Durante la Cuba de Fidel Alejandro Castro Ruz, la propaganda lanzada desde Estados Unidos no hizo sino alimentar al propio régimen de La Habana, ensalzando su protagonismo, y creando la aureola de luchador por la libertad contra el “agresor capitalista”. Estados Unidos estaba, sin quererlo, reforzando al revolucionario que iba a llevar a la isla al ostracismo, la ruina y el aislamiento del resto del mundo libre. Del mismo modo, la propaganda contra Nicolás Maduro, tanto desde el exterior como desde la propia Venezuela (por parte de la oposición política y social), tienen un efecto contrario, fortaleciendo un régimen muy próximo a la definición de dictadura, que solo ha conseguido dividir al país y acercarlo a una guerra civil, por cierto, con el apoyo inestimable de Irán y su grupo terrorista libanés Hezbollah.

¿Se deben llevar a cabo acciones de contrapropaganda? Por supuesto que sí, pero deben ser serias, con objetivos concretos que tengan una duración larga, atacando a la Audiencia Objetivo que aún es susceptible de ser modelada, y con un diseño que no pueda ser usado por el enemigo, que es la definición de los grupos islamistas.

Se deben copiar la formas utilizadas por esos grupos islamistas, en concreto por Estado Islámico, y crear formatos similares, con textos preparados, que tengan, como objetivo primario la aceptación por parte de la Audiencia a la que van destinados. Ante una publicación como Rumiyah, la revista de moda entre los islamistas y sucesora de la famosa Dabiq, la cual publica reportajes con fotografías en alta resolución, con textos atractivos en su maquetado, no se pueden enfrentar dibujos en blanco y negro, con trazos simples y representando situaciones cotidianas pero con un tratamiento tan simple que no resultan atractivos ni tienen calado, por cuanto de irreales que son.

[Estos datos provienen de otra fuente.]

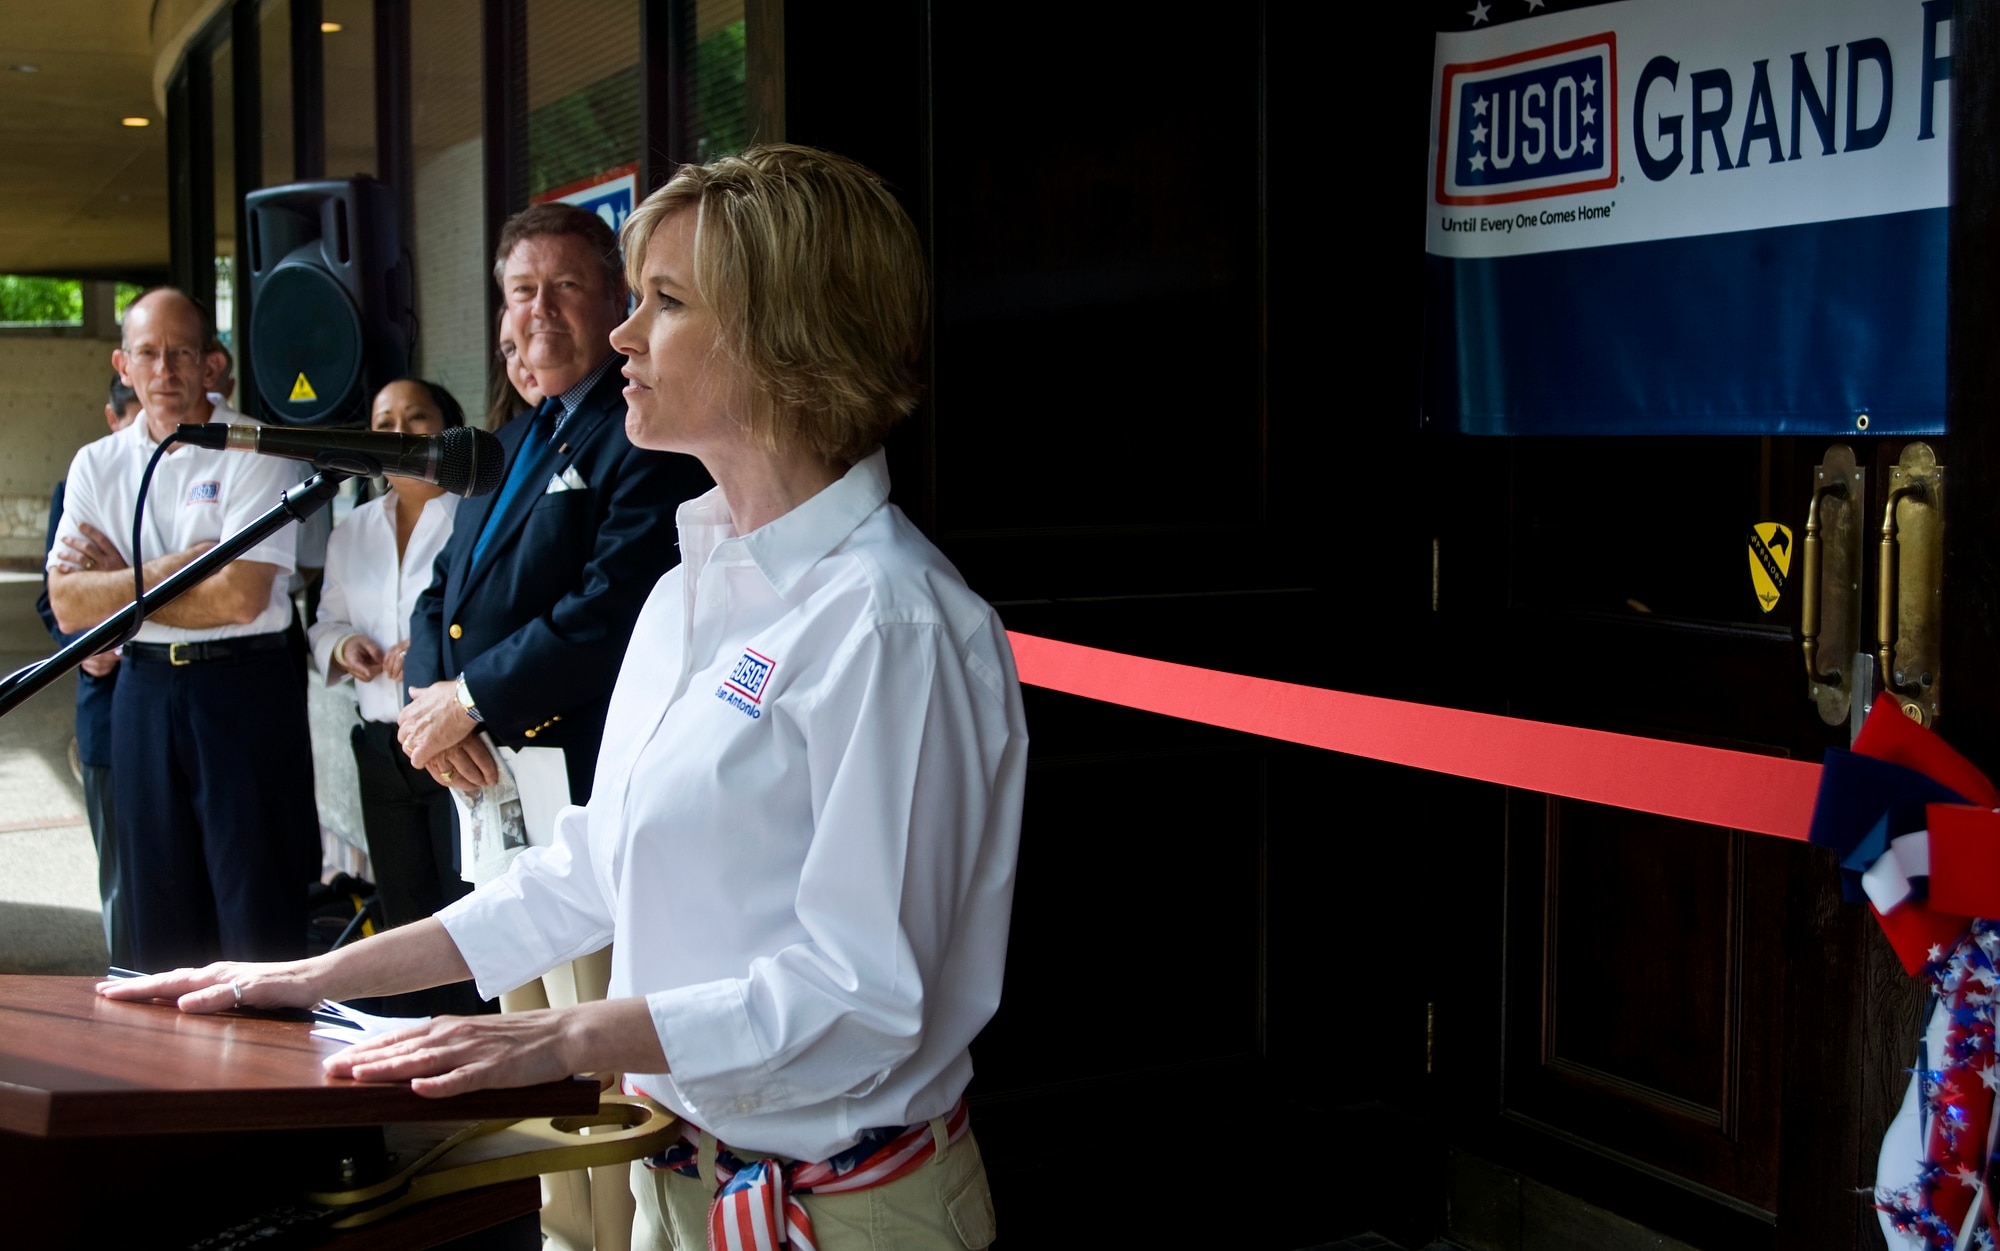 Shari Jenson, director of USO San Antonio, provides welcoming remarks Apr. 7, to the veterans and dignitaries present for the reoping of the USO San Antonio River Center. The center which averages 3,000 patrons a month was closed for a four month renovation to upgrade to a state-of-the-art-facility to better serve the troops stationed in the area.
(U.S. Air Force photo/Staff Sgt. Bennie J. Davis III)

La Audiencia Objetivo no se encuentra en Siria, en Irak, en Libia o en la Franja del Sahel, sino en territorio europeo o norteamericano. Se debe de actuar sobre esa misma Audiencia que consume a diario los productos diseñados y distribuidos por al-Furqan, al-Hayat, A´maq o cualquiera de las productoras islamistas.

Para Occidente el peligro hoy en día está representado por esa población que es consumidora de la propaganda, y que es susceptible de verse tan afectada por la misma que no dude en pasar a la acción.

Acabar con cuentas en redes sociales no hace sino crear víctimas, mártires y sufridores, y no podemos olvidar una cosa, para los islamistas, aquel que se inmola conduciendo un vehículo con explosivos, llevando un chaleco o cinturón explosivo, es de por sí un “mártir” y por ello digno de admiración.